20220404_connectors.md 5.5 KB

Connectors

Summary

This document proposes a design for connectors, a new type of catalog object that allows common configuration parameters to be shared across sources and sinks.

Overview

Many users of Materialize create families of sources and sinks that share many configuration parameters. The current design of CREATE SOURCE and CREATE SINK make this a verbose affair.
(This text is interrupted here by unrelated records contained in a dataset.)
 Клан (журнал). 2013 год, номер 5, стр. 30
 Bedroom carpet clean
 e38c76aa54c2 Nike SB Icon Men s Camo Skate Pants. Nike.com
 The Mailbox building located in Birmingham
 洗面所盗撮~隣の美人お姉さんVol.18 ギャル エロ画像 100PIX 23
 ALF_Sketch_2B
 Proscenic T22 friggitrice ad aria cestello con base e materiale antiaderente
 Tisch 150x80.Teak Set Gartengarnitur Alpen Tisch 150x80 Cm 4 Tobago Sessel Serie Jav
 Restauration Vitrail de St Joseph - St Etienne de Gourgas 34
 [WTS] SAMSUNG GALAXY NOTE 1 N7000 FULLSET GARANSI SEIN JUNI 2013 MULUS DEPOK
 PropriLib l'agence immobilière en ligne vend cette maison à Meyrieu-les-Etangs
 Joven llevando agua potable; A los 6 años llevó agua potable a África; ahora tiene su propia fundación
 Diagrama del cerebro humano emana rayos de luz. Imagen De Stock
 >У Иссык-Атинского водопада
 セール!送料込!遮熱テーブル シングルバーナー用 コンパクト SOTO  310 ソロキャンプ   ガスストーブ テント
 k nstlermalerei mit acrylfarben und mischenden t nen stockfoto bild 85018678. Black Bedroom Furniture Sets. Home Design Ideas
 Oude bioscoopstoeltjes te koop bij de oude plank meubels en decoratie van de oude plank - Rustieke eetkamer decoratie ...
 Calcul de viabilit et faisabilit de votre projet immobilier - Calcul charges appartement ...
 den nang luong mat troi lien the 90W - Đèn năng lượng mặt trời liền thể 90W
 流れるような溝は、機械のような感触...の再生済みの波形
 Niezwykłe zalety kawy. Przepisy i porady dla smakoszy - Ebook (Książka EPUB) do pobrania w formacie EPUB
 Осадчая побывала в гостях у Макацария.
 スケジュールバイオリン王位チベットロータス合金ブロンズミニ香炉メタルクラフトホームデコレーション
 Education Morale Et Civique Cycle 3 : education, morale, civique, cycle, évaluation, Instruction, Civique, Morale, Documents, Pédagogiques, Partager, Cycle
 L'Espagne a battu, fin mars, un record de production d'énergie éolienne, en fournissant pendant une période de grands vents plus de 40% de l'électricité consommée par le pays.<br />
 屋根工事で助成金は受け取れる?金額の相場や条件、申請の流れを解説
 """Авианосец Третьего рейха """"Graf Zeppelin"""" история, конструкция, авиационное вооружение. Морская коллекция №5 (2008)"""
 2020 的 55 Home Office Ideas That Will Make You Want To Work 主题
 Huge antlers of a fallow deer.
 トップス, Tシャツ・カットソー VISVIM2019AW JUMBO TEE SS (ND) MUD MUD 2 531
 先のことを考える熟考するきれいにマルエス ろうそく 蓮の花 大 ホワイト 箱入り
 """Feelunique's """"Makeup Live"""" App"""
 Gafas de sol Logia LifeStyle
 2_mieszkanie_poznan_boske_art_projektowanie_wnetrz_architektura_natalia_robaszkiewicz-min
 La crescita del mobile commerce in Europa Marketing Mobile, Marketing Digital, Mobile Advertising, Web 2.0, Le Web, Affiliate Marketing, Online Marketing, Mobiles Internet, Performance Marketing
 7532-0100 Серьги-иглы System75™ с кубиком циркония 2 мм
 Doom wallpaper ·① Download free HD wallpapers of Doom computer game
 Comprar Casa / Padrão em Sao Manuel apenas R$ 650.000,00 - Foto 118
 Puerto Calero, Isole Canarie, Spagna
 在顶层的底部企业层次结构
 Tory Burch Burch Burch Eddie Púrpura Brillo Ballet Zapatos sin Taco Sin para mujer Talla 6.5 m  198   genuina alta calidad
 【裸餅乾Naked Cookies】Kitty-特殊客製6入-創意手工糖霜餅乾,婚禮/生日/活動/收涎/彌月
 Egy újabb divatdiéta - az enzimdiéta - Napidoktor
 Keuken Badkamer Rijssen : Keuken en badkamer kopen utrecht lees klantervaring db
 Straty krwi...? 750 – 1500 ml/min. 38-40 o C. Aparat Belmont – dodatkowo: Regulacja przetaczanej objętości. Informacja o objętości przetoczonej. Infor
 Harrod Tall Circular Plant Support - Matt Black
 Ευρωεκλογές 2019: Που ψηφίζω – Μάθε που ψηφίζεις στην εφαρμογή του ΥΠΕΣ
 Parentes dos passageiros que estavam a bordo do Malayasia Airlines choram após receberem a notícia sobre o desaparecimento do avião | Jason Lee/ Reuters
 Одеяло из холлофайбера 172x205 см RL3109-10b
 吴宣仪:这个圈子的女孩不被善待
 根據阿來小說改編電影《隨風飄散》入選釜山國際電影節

The problem is particularly acute with Avro-formatted Kafka sources that configure authentication:

CREATE SOURCE kafka1
FROM KAFKA BROKER 'kafka:9092' TOPIC 'top1' WITH (
    security_protocol = 'SASL_SSL',
    sasl_mechanisms = 'PLAIN',
    sasl_username = 'username',
    sasl_password = 'password',
)
FORMAT AVRO USING CONFLUENT SCHEMA REGISTRY 'https://schema-registry' WITH (
    username = 'username',
    password = 'password'
);

CREATE SOURCE kafka2
FROM KAFKA BROKER 'kafka:9092' TOPIC 'top2' WITH (
    security_protocol = 'SASL_SSL',
    sasl_mechanisms = 'PLAIN',
    sasl_username = 'username',
    sasl_password = 'password'
)
FORMAT AVRO USING CONFLUENT SCHEMA REGISTRY 'https://schema-registry' WITH (
    username = 'username',
    password = 'password'
);

These two source definition differ only in their topic specification, but must duplicate eight other configuration parameters.

With the connectors proposed in this document, the CREATE SOURCE can instead share all the relevant configuration:

CREATE CONNECTOR kafka FOR
KAFKA BROKER 'kafka:9092' WITH (
    security_protocol = 'SASL_SSL',
    sasl_mechanisms = 'PLAIN',
    sasl_username = 'username',
    sasl_password = 'password'
);

CREATE CONNECTOR schema_registry FOR
CONFLUENT SCHEMA REGISTRY 'https://schema-registry' WITH (
    username = 'username',
    password = 'password'
);

CREATE SOURCE kafka1
FROM KAFKA CONNECTOR kafka TOPIC 'top1'
FORMAT AVRO USING CONFLUENT SCHEMA REGISTRY CONNECTOR schema_registry;

CREATE SOURCE kafka2
FROM KAFKA CONNECTOR kafka TOPIC 'top2'
FORMAT AVRO USING CONFLUENT SCHEMA REGISTRY CONNECTOR schema_registry;

Design

SQL syntax and semantics

The eventual goal is for connector create syntax to come in type specific variants and not include WITH options except in cases of client implementation specific details; however, the initial implementation will preserve existing syntax for connectors to avoid entangling separating connectors into their own objects from reworking the overall connection option syntax.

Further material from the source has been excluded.